Once an abnormal situation is identified, the ASSACR is responsible for discovering available services around the user location. This is done thanks to the SNMP protocol and the middleware Kalimucho server side offering such a service; the ASSACR uploads different available services’ profiles and starts semantic service matching that fulfills the user context and preferences according to Equation (1) (Section 4.2). User A is looking for a quality multimedia health service with low cost with implicit constraints: the screen resolution of the smartphone is limited to = 400 × 600, which is less than the document video. Now, studying both local and remote service results and taking into consideration the user preferences, the degree of the similarity is always high if the set of context attributes suggested by the health service and requested by User A is great, no matter the number of attributes provided by the service, but not asked by the client. Three available health services with different modalities with different multimedia contents across User A’s location are as depicted in Figure 20. We used [18] for classifying the relevant interactive services that have a potential benefit. It takes into account the usage domain (the list of devices that the user can access or control in a certain situation or context) to illustrate the multimodality aspect and finds the appropriate device. Table 6 shows the evaluation results, meaning that the service orchestration “Adjusting Insulin Service (User E) + Display Guide1 Video (User E)” is selected as the best orchestration service. This selection is based on the high score compared to other paths because the preference desired by User B is satisfied by two neighbor users (User C and User E), but User E is top classified because of the available laptop resources. The ASSACR plugs in the “Adjusting Insulin Service Client and Display Guide1 Video (User E)” and invokes the service.
In order to support the needs of a dynamically changing context, ASSACR generates reconfiguration files (Reconfig_C_E, Reconfig_E_C) with two semantic equivalent services paths, but with different QoS in order to easily add or remove services at run-time.

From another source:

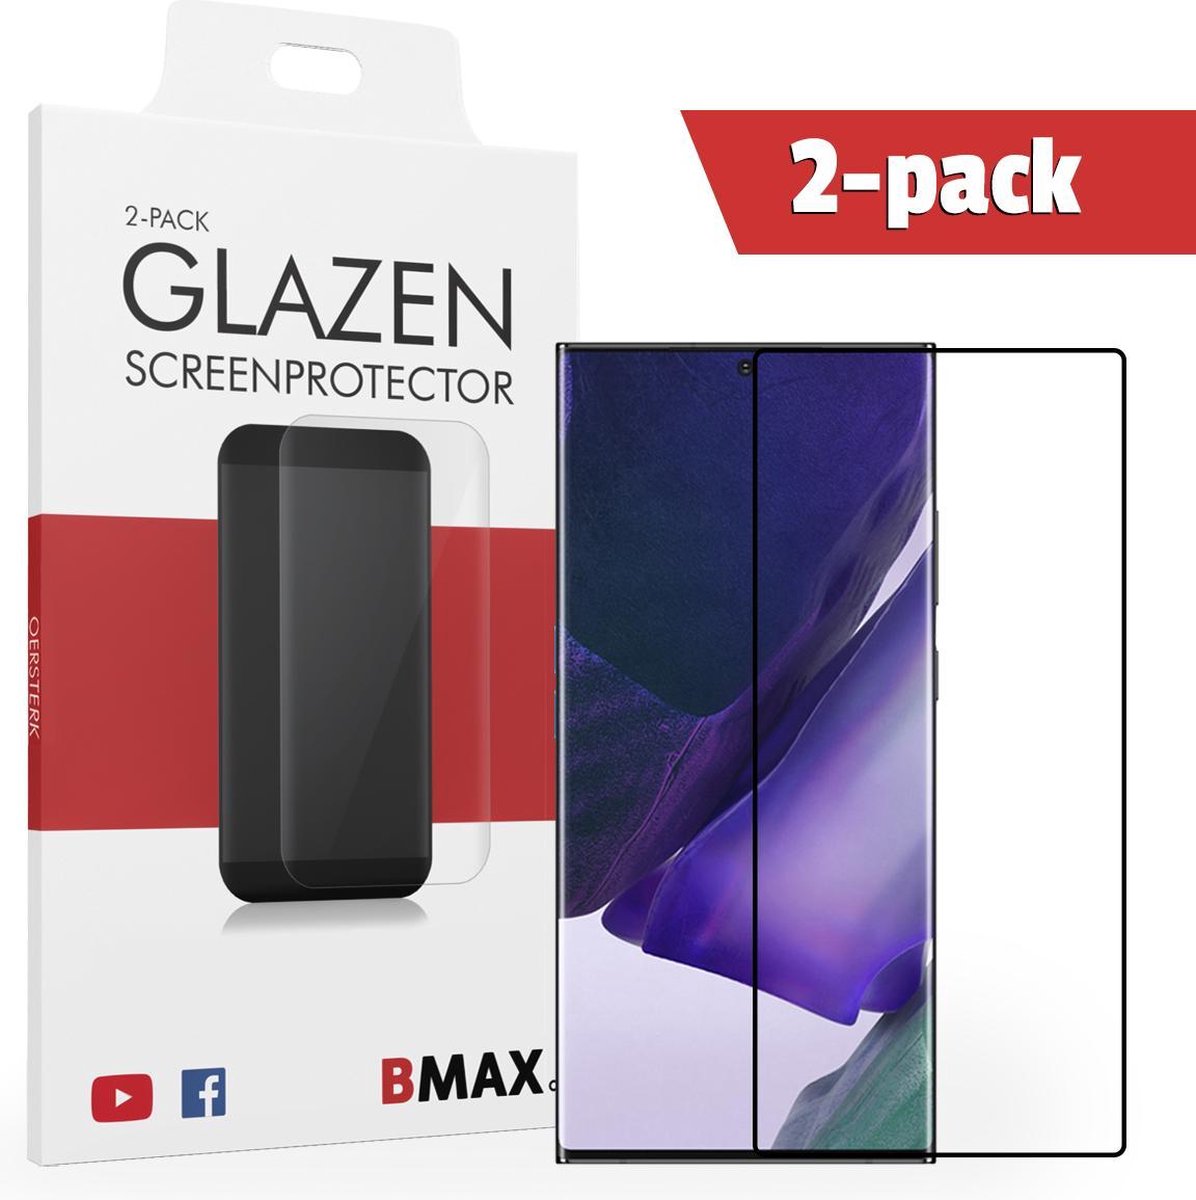 2-pack Bmax Samsung Note 20 Ultra Screenprotector - Glass - Full Cover 5d - Black

5.2.2. Scenario II: User A in a Car using a Car Tablet

A second scenario when a User A uses a car, he or she can use a car tablet for a larger view. User B cannot read his or her personal emails in a car. ASSACR has SNMP attached as the discovery protocol and GPS as the client service. The latter reinitiates the adaptation process, infers the actions of discovering that the available text to speech services are supported by the user location: update Text email service with Text to Speech Encoder/Decoder service. After finding the adequate adaptation services from the cloud and after their selection and integration, the user can follow the email service while using a car. When a user asks for the traffic guide, the ASSACR discovers two map types: a black and white map and a colored map. The ASSACR deploys the second one because of the available resources.

5.2.3. Scenario III: Low Battery Level

In a third scenario, for instance when a current service delivers a high density color map, a notification was sent to the ASSACR that there is not enough available energy to continue displaying such an image. In this case, ASSACR migrates the service to the cloud.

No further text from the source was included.